START Supplied data

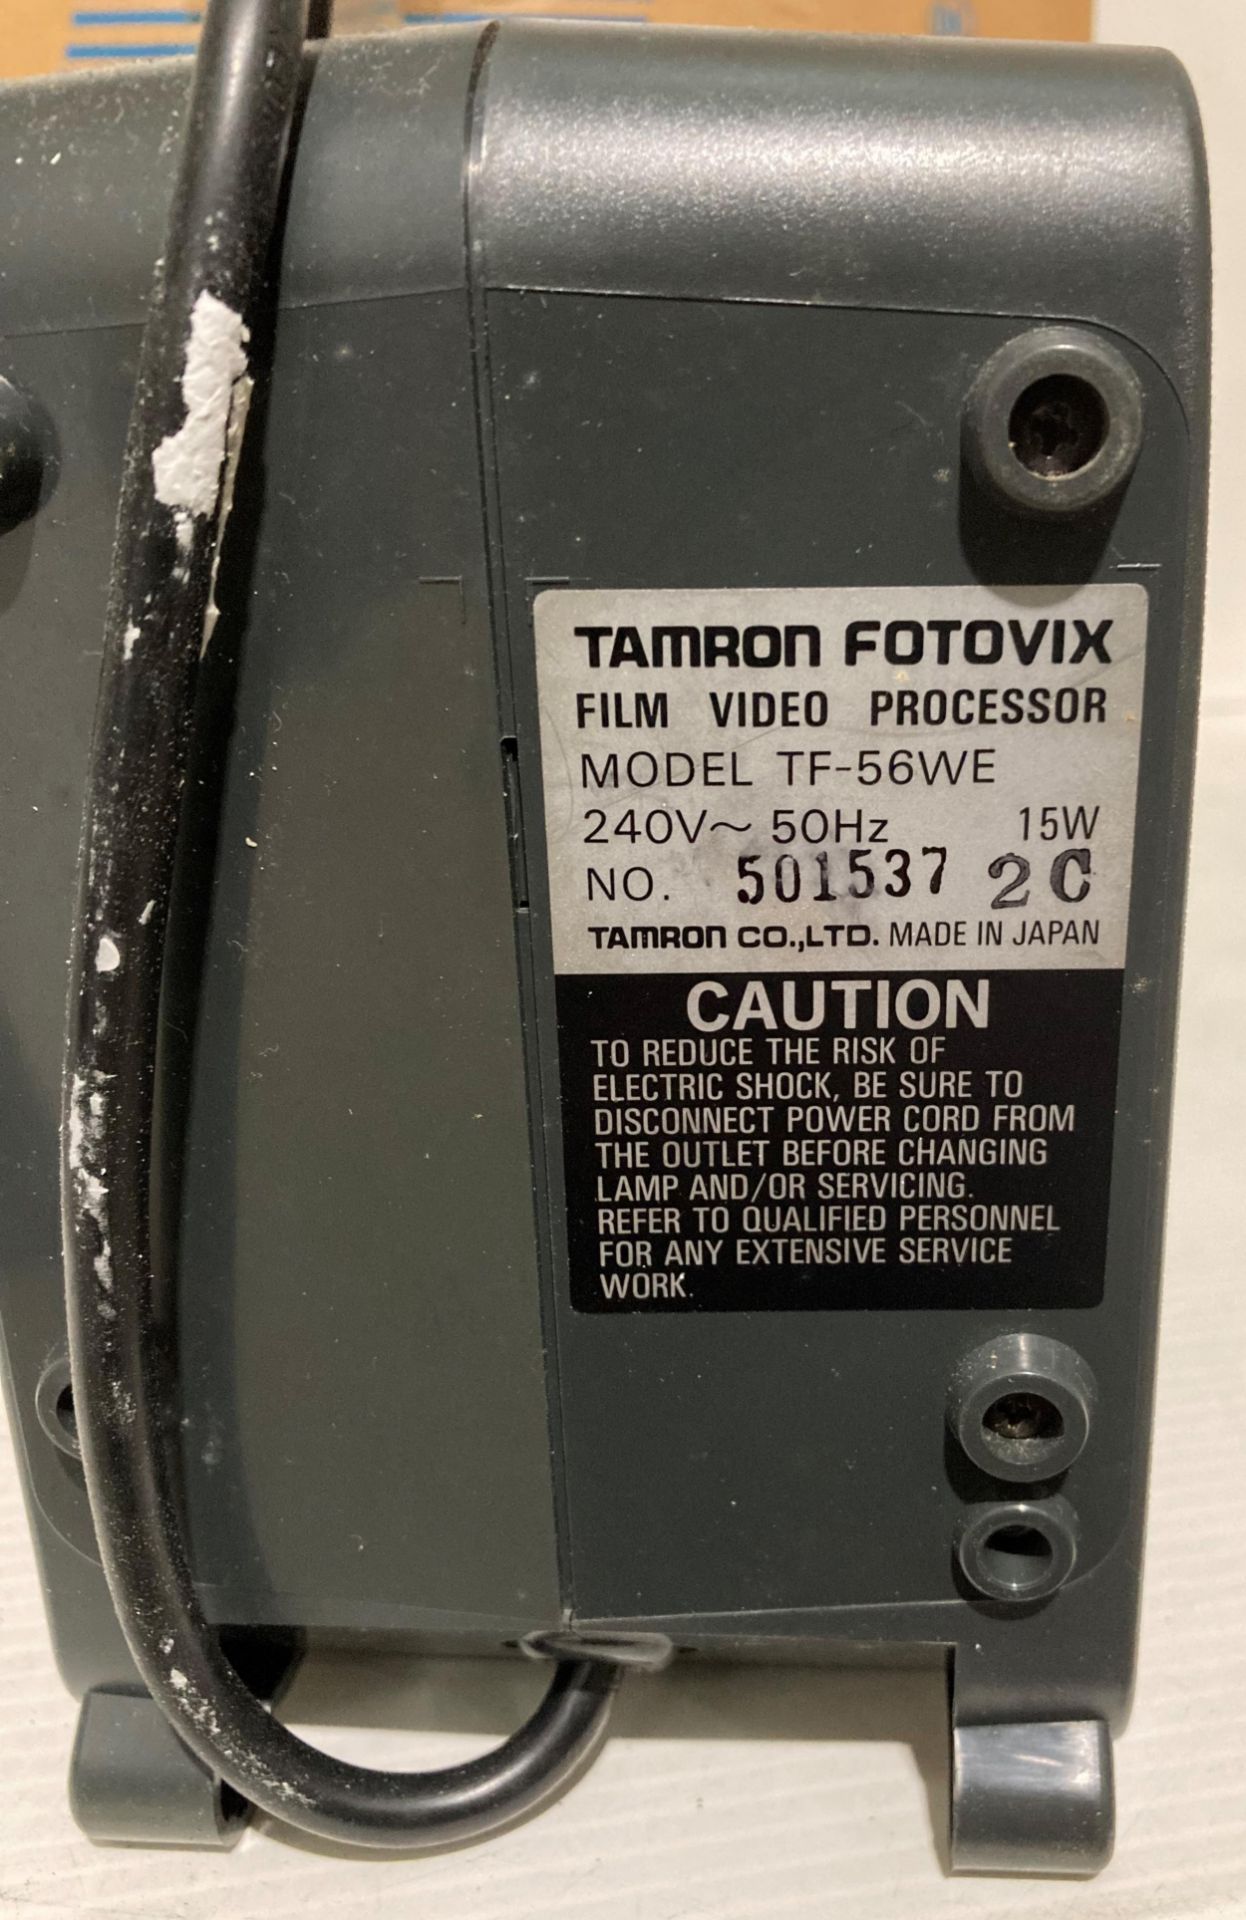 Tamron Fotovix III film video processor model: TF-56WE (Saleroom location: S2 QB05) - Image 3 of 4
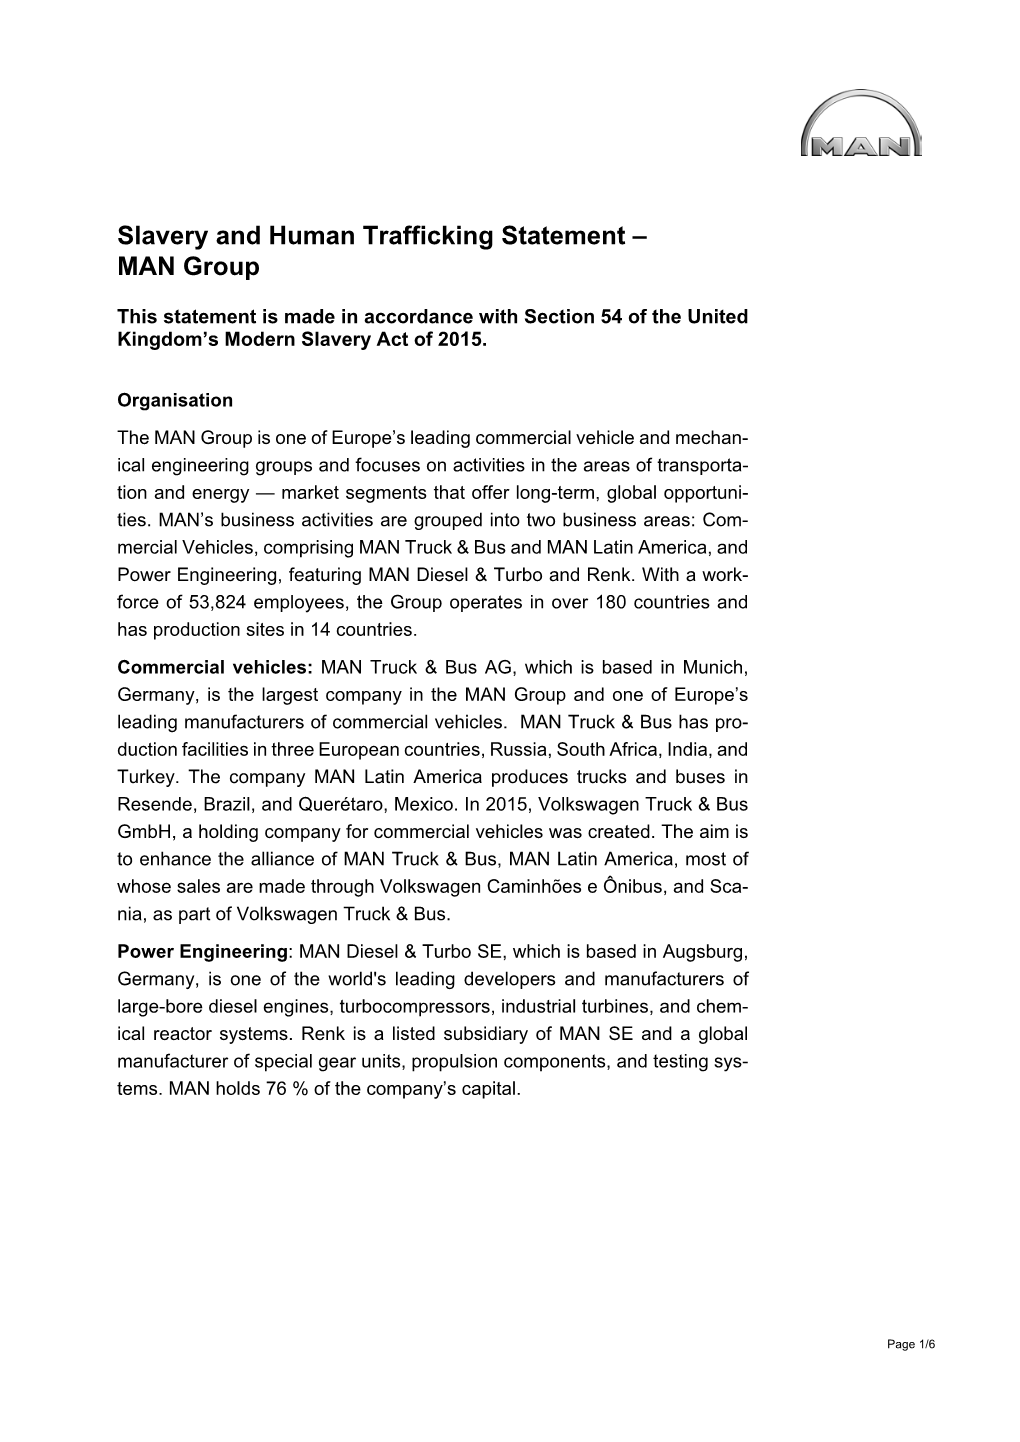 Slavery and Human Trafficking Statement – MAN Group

END Supplied data
START Supplied data

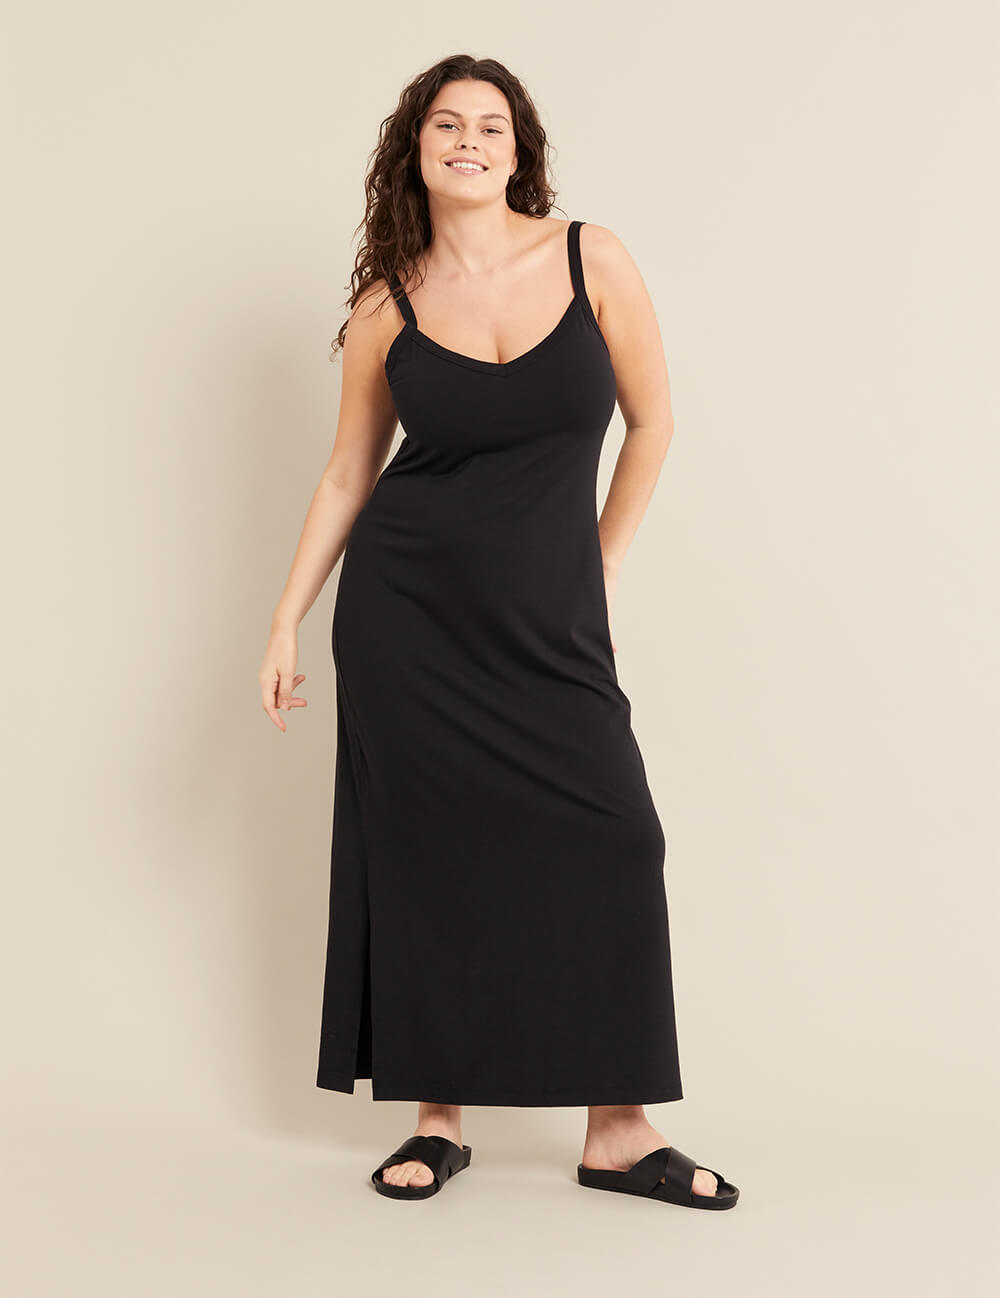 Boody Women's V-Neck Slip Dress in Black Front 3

END Supplied data

▶ [Problem description]
In the listing above, find the line containing "Tamron Fotovix III" and the line containing "Slavery and Human", then return both of them and every line between, exactly, without pictures.

▶ [Answer section]
 Tamron Fotovix III film video processor model: TF-56WE (Saleroom location: S2 QB05) - Image 3 of 4
 Slavery and Human Trafficking Statement – MAN Group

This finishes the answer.